From the first line to the last, set down the material exactly, leaving out its pictures.

**DATA BLOCK**
┌────────
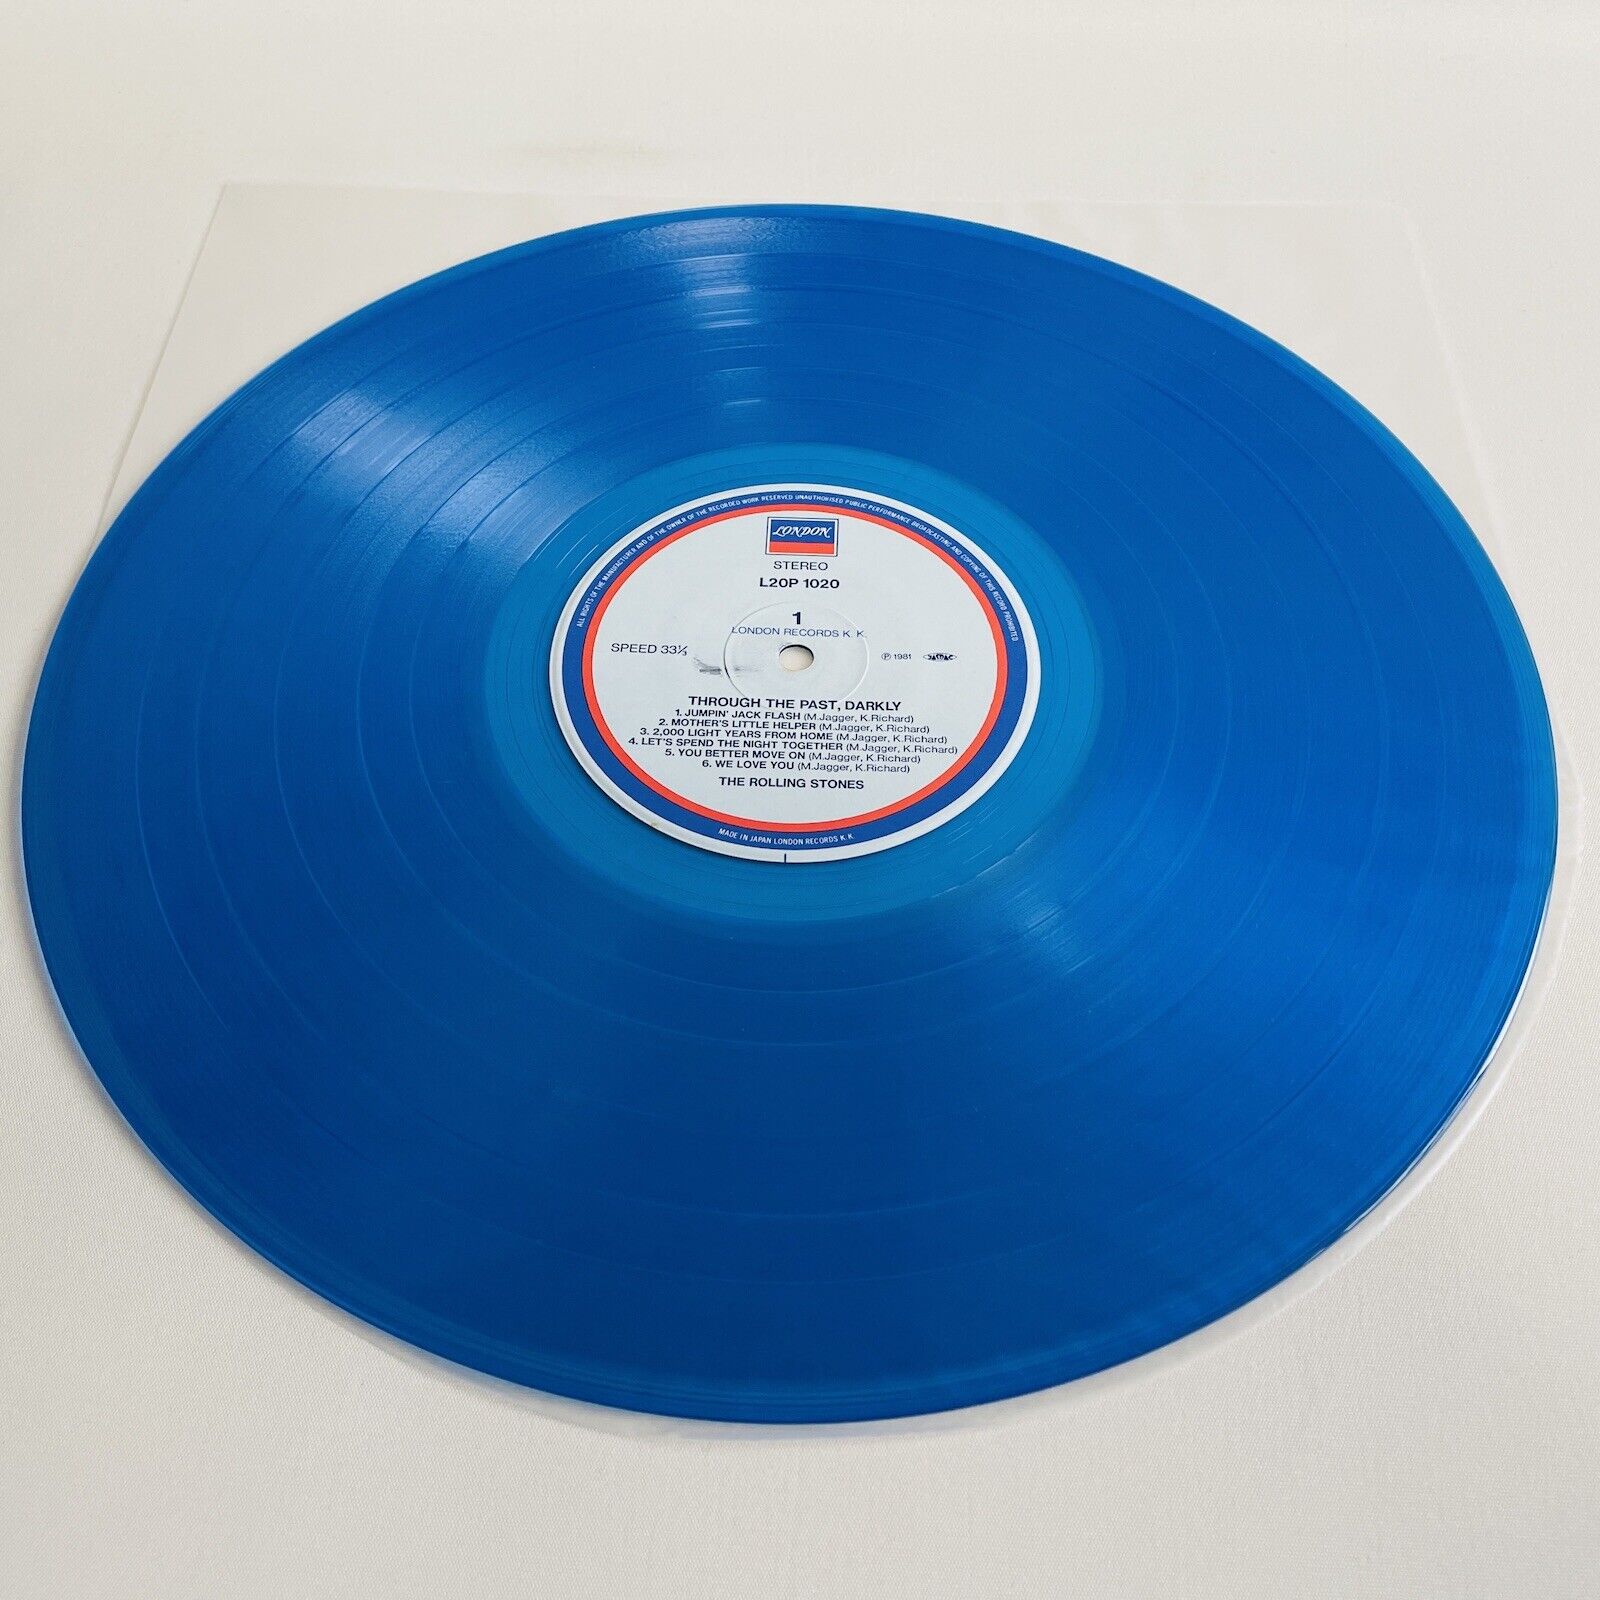 Wax　Past,　The　London　L20P1020　Blue　–　Portal　Records　Rolling　Through　Stones　Darkly
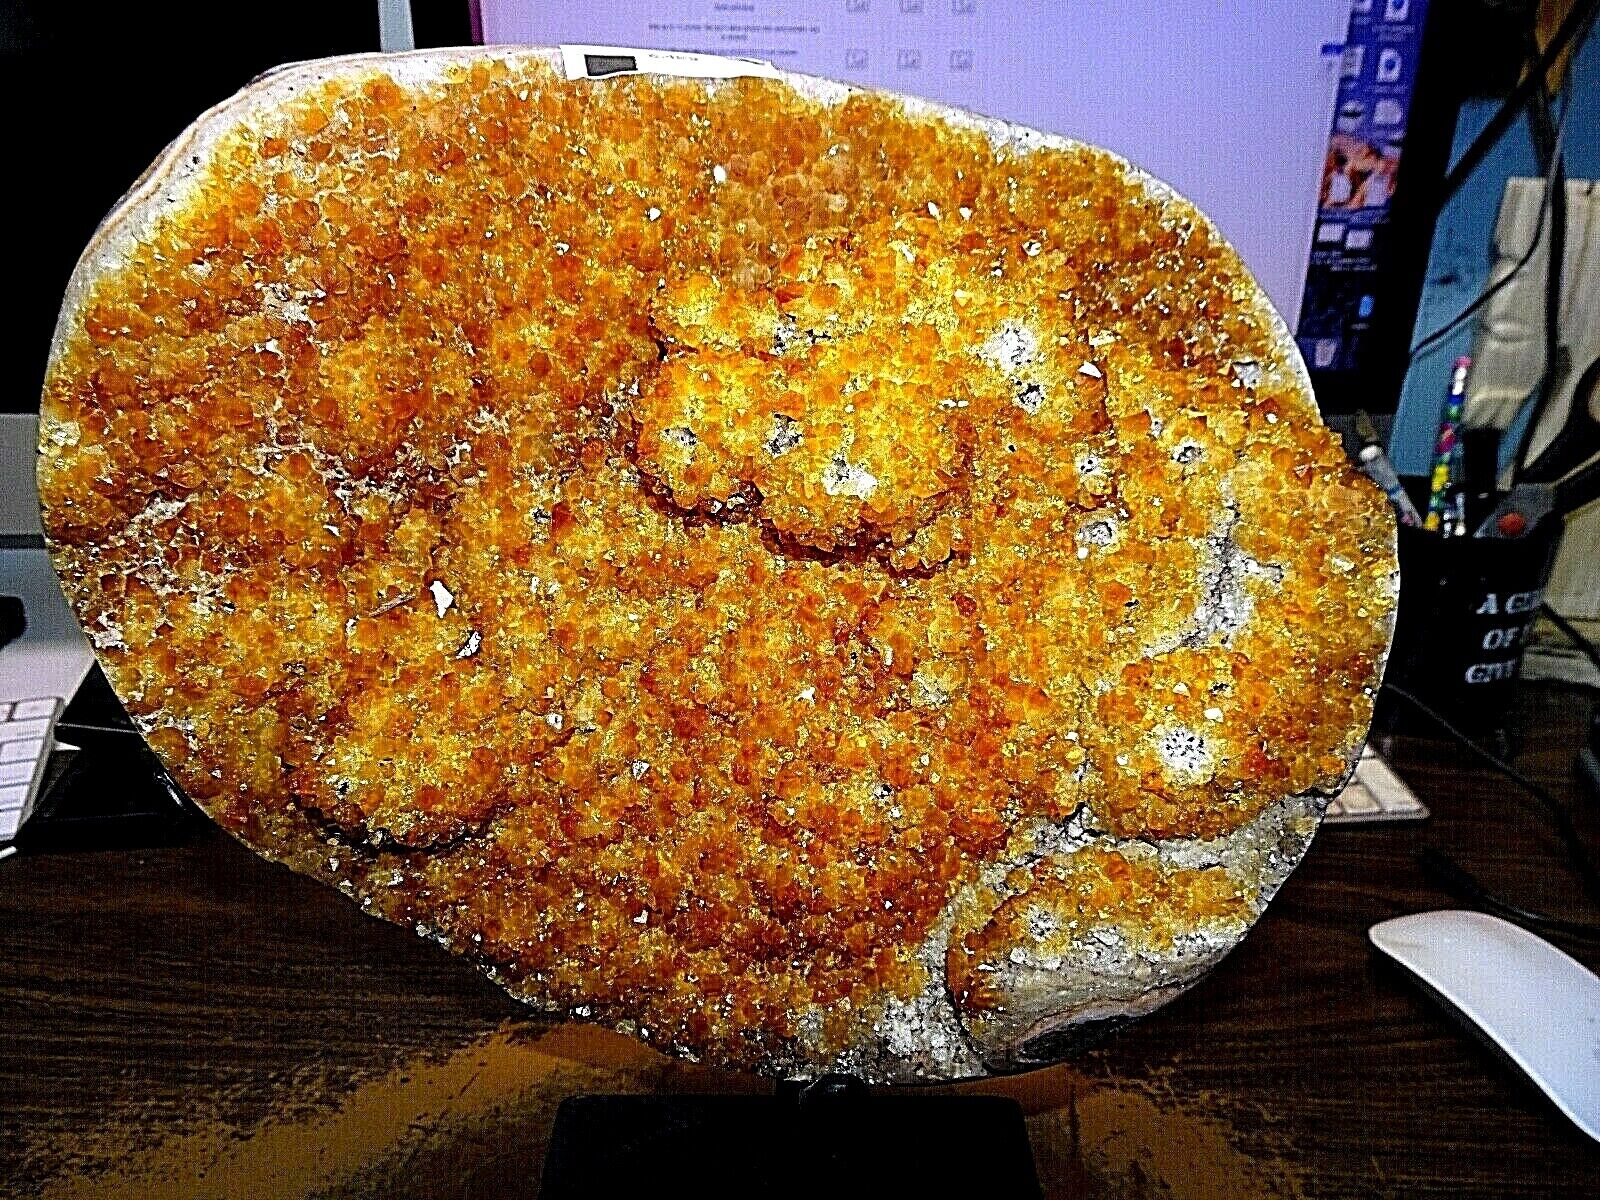 LG. POLISHED CITRINE CRYSTAL CLUSTER GEODE FROM BRAZIL CATHEDRAL W/ STEEL BASE 
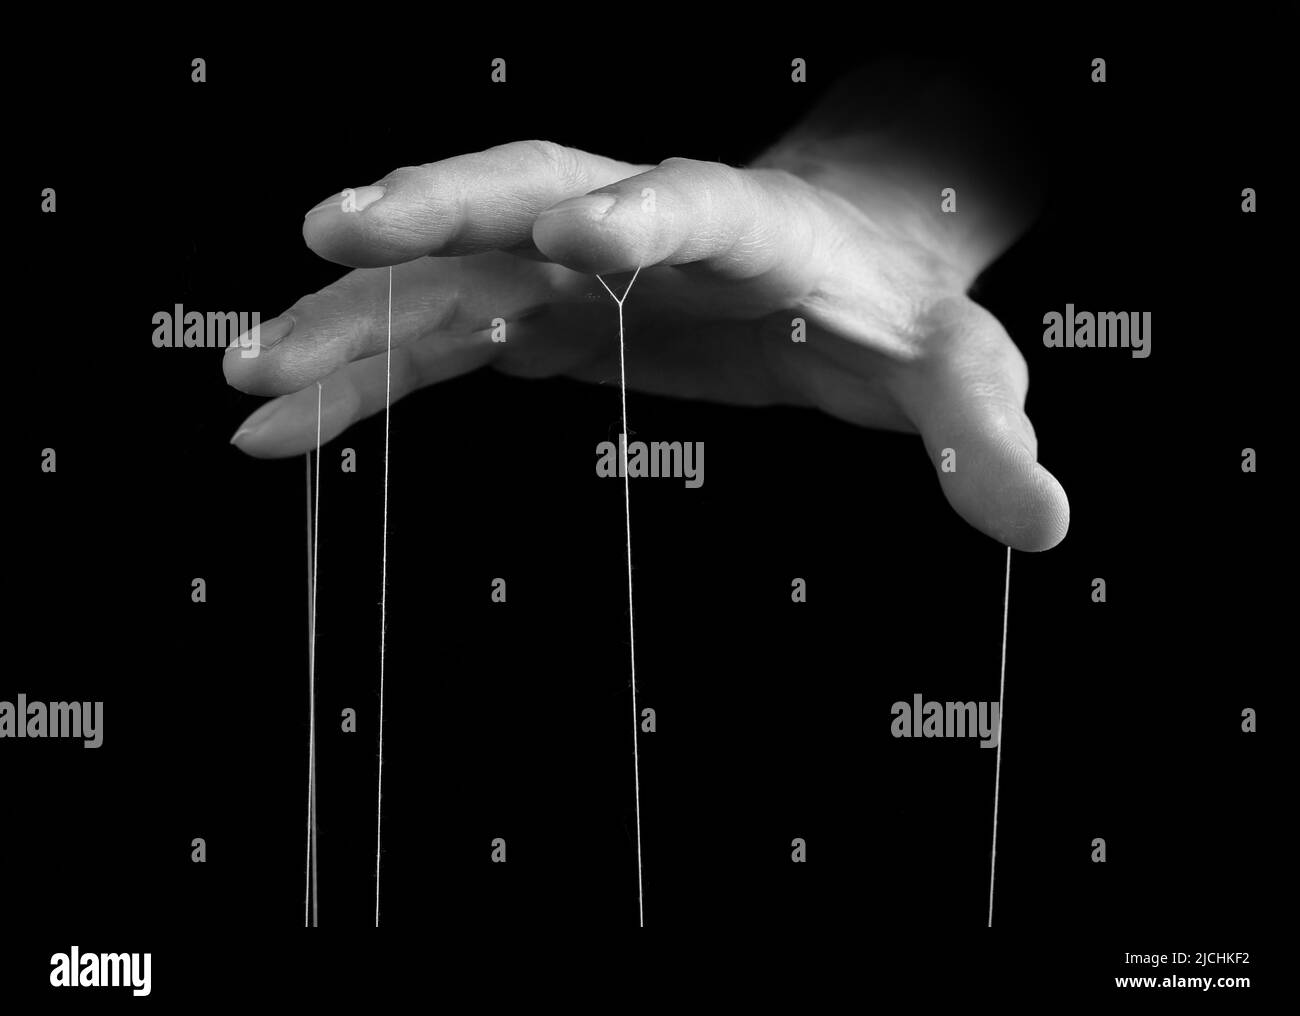 Man hand with strings on fingers. Suffering from drug, gambling, internet addiction or manipulation, influence concept. Black and white. High quality photo Stock Photo
└────────
**EXERCISE RESULT**
 Wax　Past,　The　London　L20P1020　Blue　–　Portal　Records　Rolling　Through　Stones　Darkly
 LG. POLISHED CITRINE CRYSTAL CLUSTER GEODE FROM BRAZIL CATHEDRAL W/ STEEL BASE 
 Man hand with strings on fingers. Suffering from drug, gambling, internet addiction or manipulation, influence concept. Black and white. High quality photo Stock Photo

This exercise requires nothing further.